Honkapuro reminds that even in the past week the system has worked very well and the market has taken care of the balancing without the need for intervention. Fingrid has actually not had to implement exceptional arrangements during the entire energy crisis.

“We have been warned about power shortages many times, but not once has it happened. In other words, the market has worked. After all, Fingrid has reserve capacity for unexpected situations or possibilities to exclude consumption, but we haven't had to resort to them,” he says.

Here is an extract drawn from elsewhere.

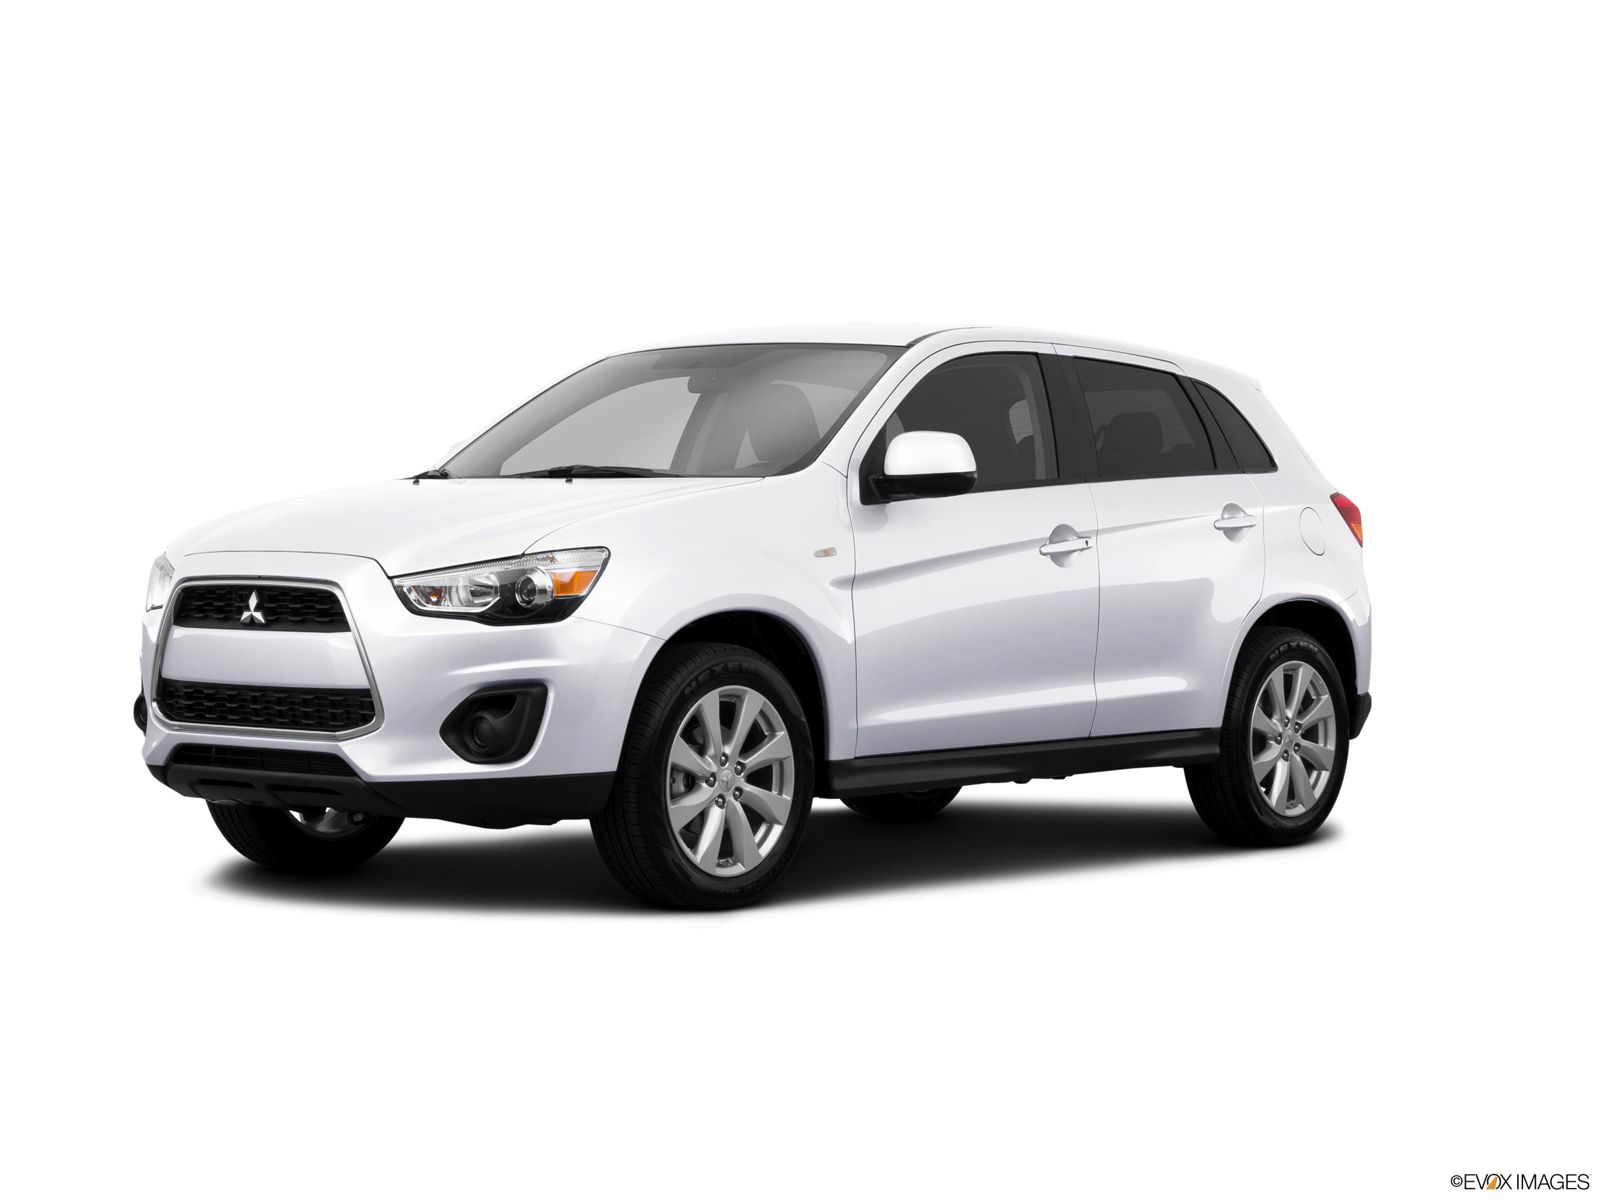 2015 Mitsubishi Outlander Sport Research, Photos, Specs and Expertise |  CarMax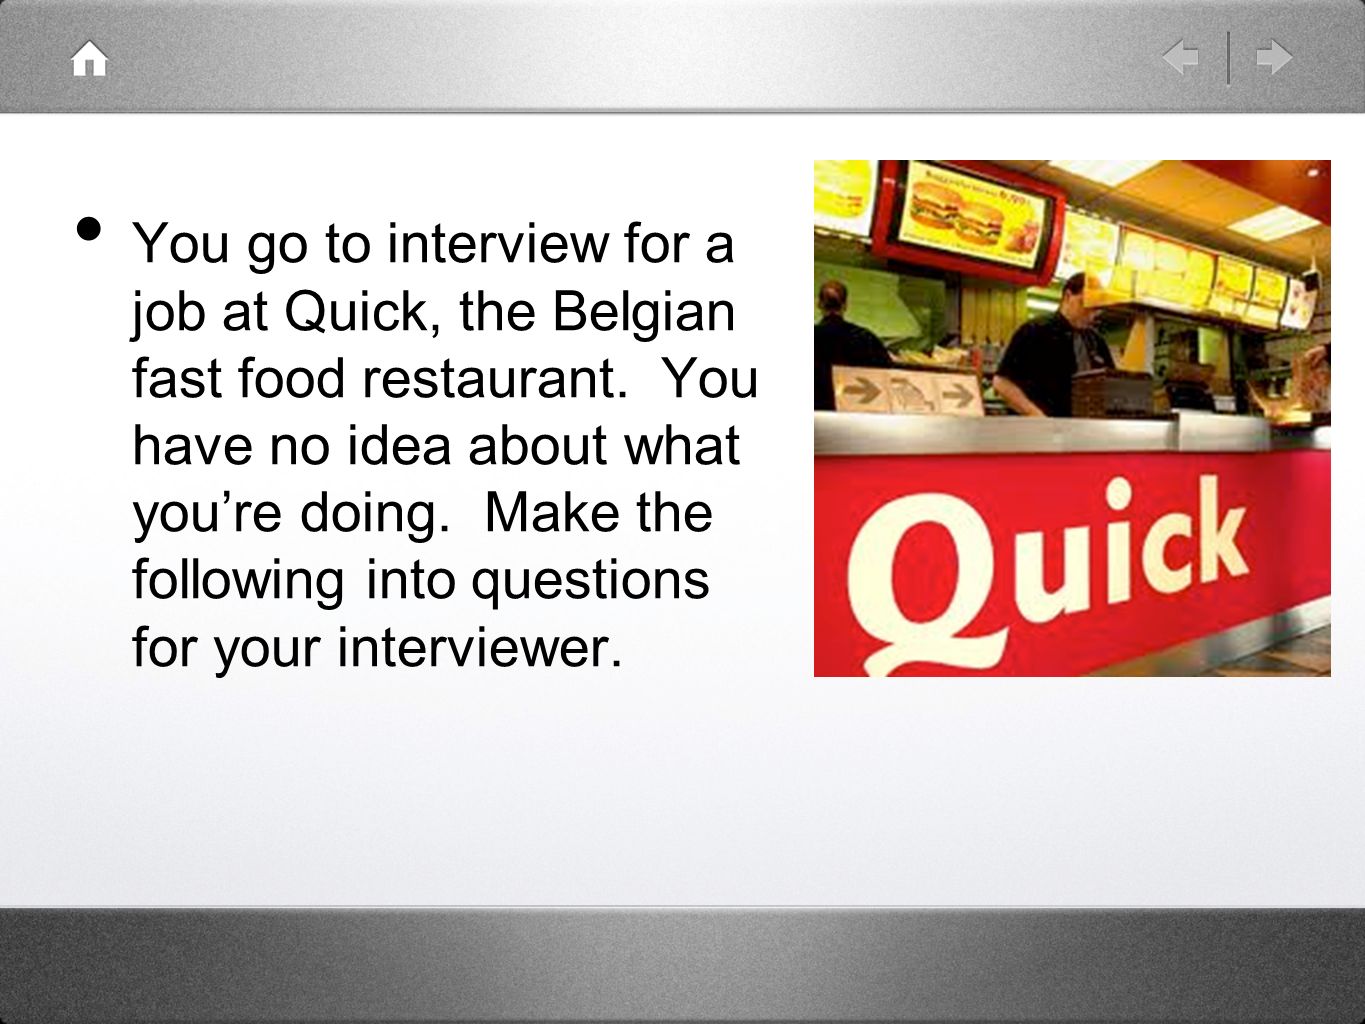 You go to interview for a job at Quick, the Belgian fast food restaurant.

On Friday, the energy minister Kai Mykkänen brought up the idea of ​​putting the capacity mechanism into use, which was also recorded in the government program. It means that standby power would be purchased for the system, which could be used to balance production in the event of a shortage.

It is not easy to fit this kind of reserve power into the electricity market. According to Honkapuro, it is not impossible.

By capacity auction however, the acquired backup power would be an expensive remedy for a problem that doesn't really exist. If there has been enough electricity even through the crisis, and the price has been affordable on average, why would backup power be needed?

“I hate it when people talk about whether we have enough production capacity. The right question is whether we have production and consumption in balance. Until now, it has always been,” says Honkapuro.

If spare capacity is built, it is paid for every hour. In practice, the price is ultimately paid by the consumers.

According to Honkapuro, from the point of view of the whole system, it is much cheaper that the necessary flexibility comes from price-flexible consumption.

“The wisdom of an engineer is that it's not worth fixing what isn't broken. Strong price fluctuations make, for example, the construction of various electricity storage and consumption flexibility options really profitable. In the end, it leads to an even more cost-effective system,” he says.

Even last year, although the beginning of the year was still marked by the energy crisis, electricity on the exchange was on average affordable. The taxable average price for the whole year was seven cents per kilowatt hour. There's no reason to assume that this year won't end up being the same.

“We have seen such comments today that we would repeatedly be in this situation. That's not true,” says Leskelä of Energy Industry.

Power According to Honkapuro, the strong fluctuation of prices is a characteristic of the electricity system, when a huge increase in renewable energy production has been built, and there is still not enough flexible consumption.

It can be thought that the foundations of the entire electricity system are completely different now than when Southern Finland last experienced a similar frost season. That's why prices also react very differently.

Almost all coal and natural gas condensing power plants ha
ve disappeared in Finland in the last 20 years. They were fast, flexible production that effectively smoothed out price fluctuations.

The Meri-Pori power plant is Finland's largest coal-fired power plant located in Tahkoluoto, Pori.

The EU emissions trading set a high price for carbon dioxide emissions and drove coal power out of the market.

That too has reduced the flexibility of the system that Russia's import connection of approximately 1,300 megawatts was closed a year and a half ago due to the war and sanctions. The transmission connections and thus the control power will be improved when the new Aurora transmission connection is completed in northern Sweden in 2025.

It increases Sweden's possibility of importing cheap hydroelectricity to Finland by about 800 megawatts, and can contribute to lowering prices in Finland.

Price fluctuations have also been increased by the fact that the European electricity market has united. Although the merger in theory equalizes prices, the Finnish market is now between two extreme price areas. That's why the prices vary very sharply.

When Finland also has plenty of its own electricity production, the cheap price level of northern Sweden prevails in Finland.

On Friday, when there was little domestic production in Finland, the price was determined according to the very expensive prices in the Baltics.